- [Provided material]:
==========
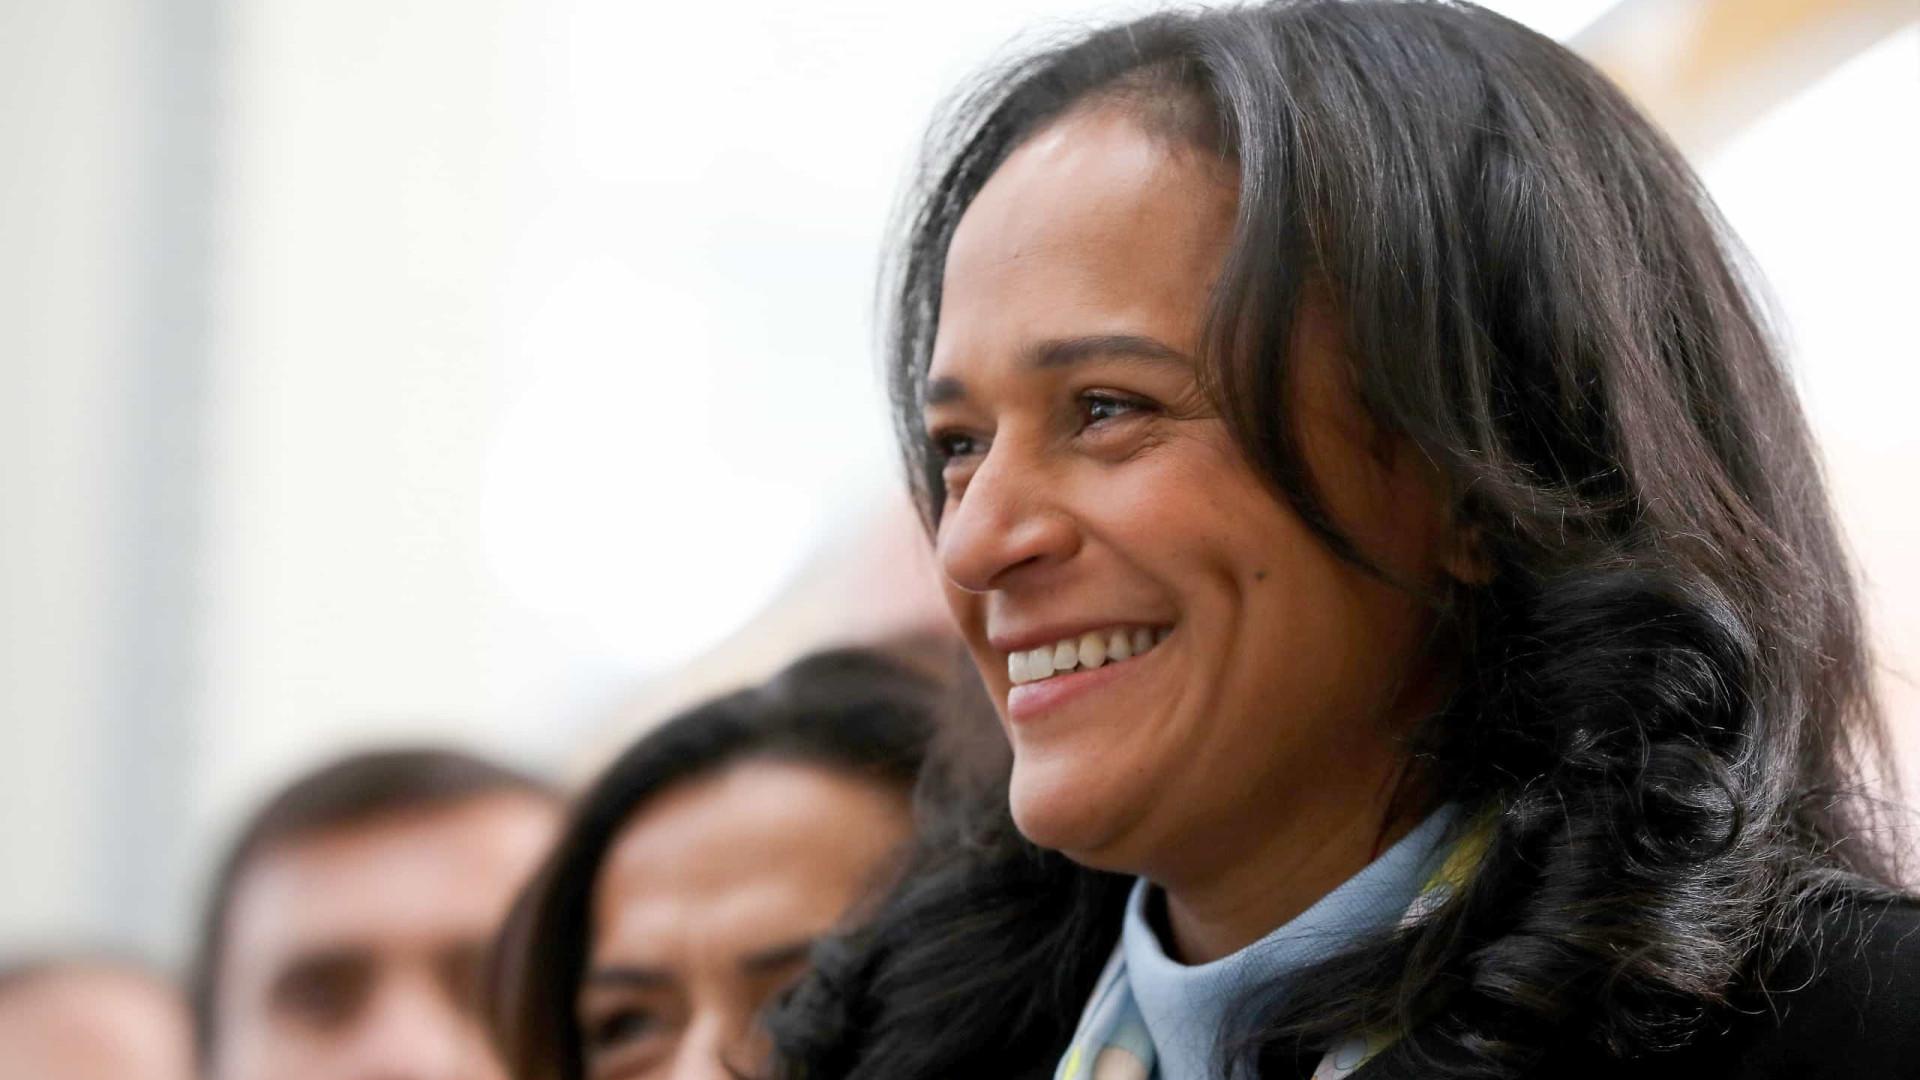 KPMG escolhida para verificar contas de Isabel dos Santos na Sonangol
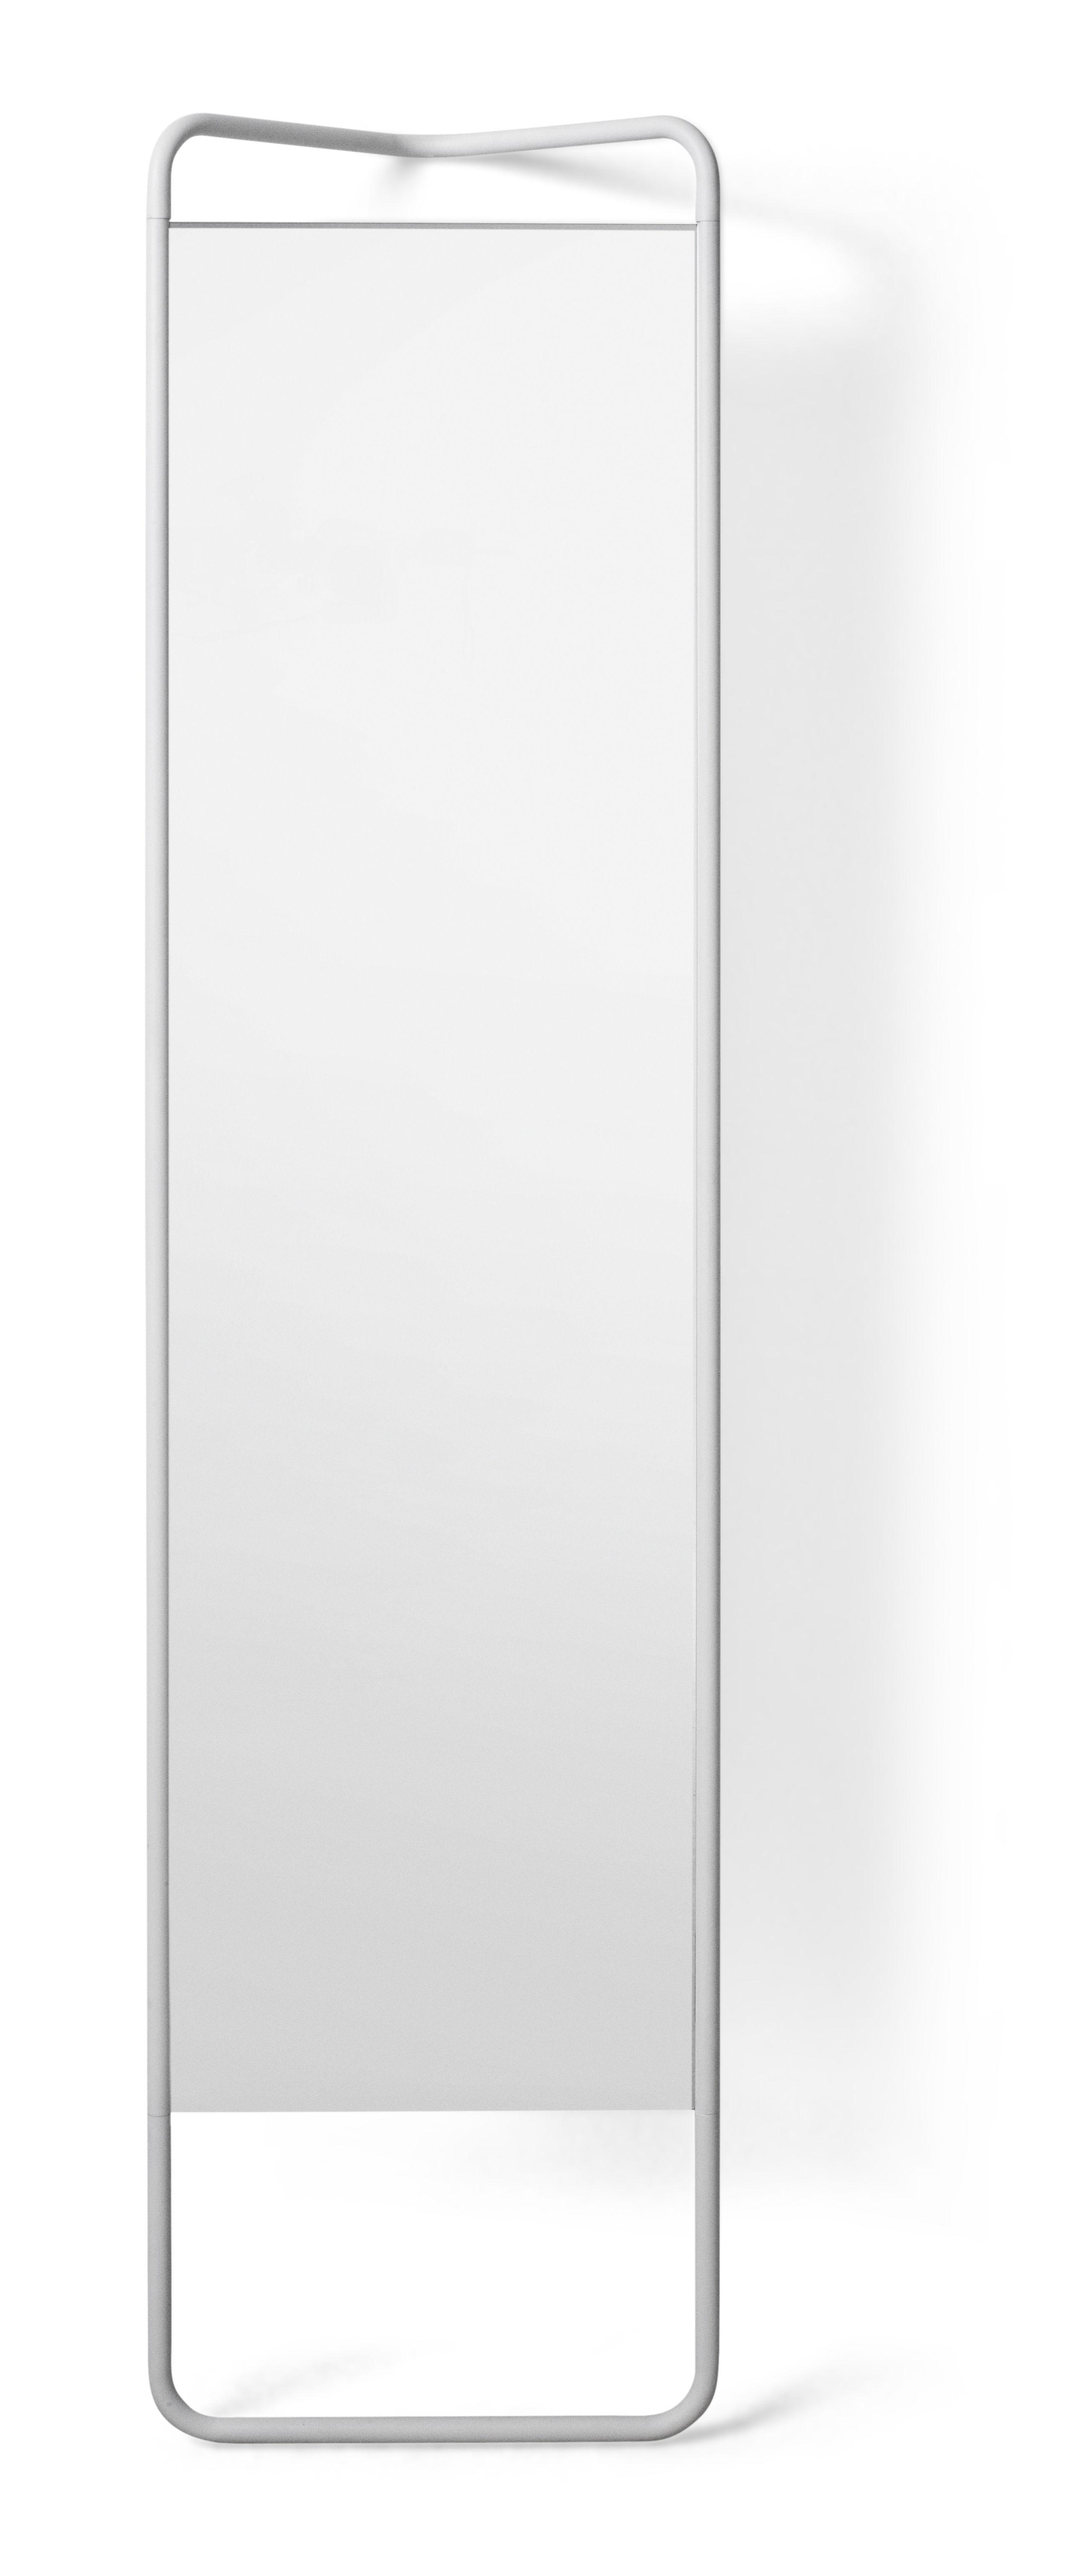 kaschkasch zum hinstellen l 42 cm x h 175 cm menu standspiegel. Black Bedroom Furniture Sets. Home Design Ideas
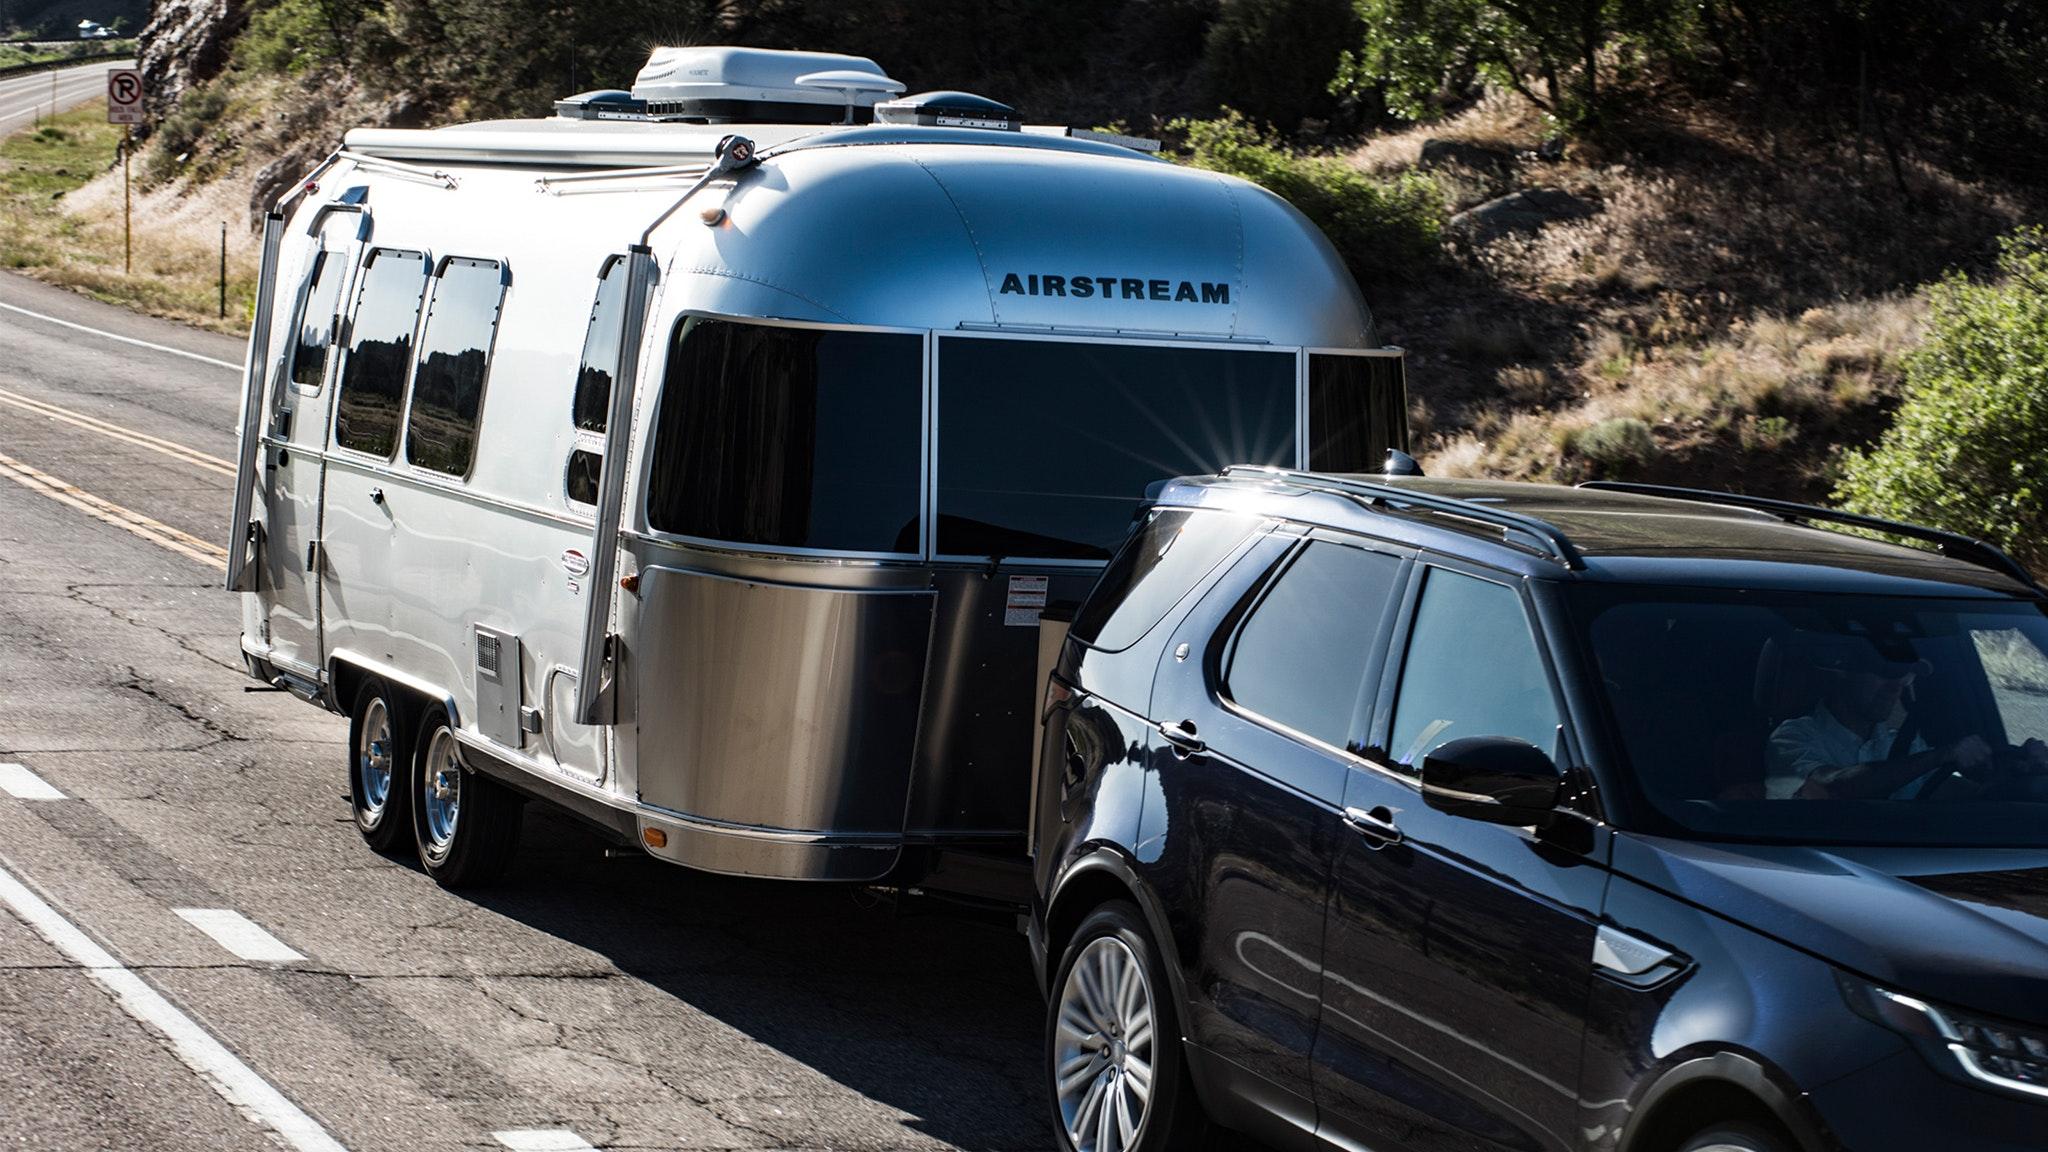 Airstream-Double-Axle-vs-Single-Axle-Blog-Desktop-Feature
==========
- [Work order]: Give back the listing exactly, with the pictures removed.

- [Completed task]:
 KPMG escolhida para verificar contas de Isabel dos Santos na Sonangol
 kaschkasch zum hinstellen l 42 cm x h 175 cm menu standspiegel. Black Bedroom Furniture Sets. Home Design Ideas
 Airstream-Double-Axle-vs-Single-Axle-Blog-Desktop-Feature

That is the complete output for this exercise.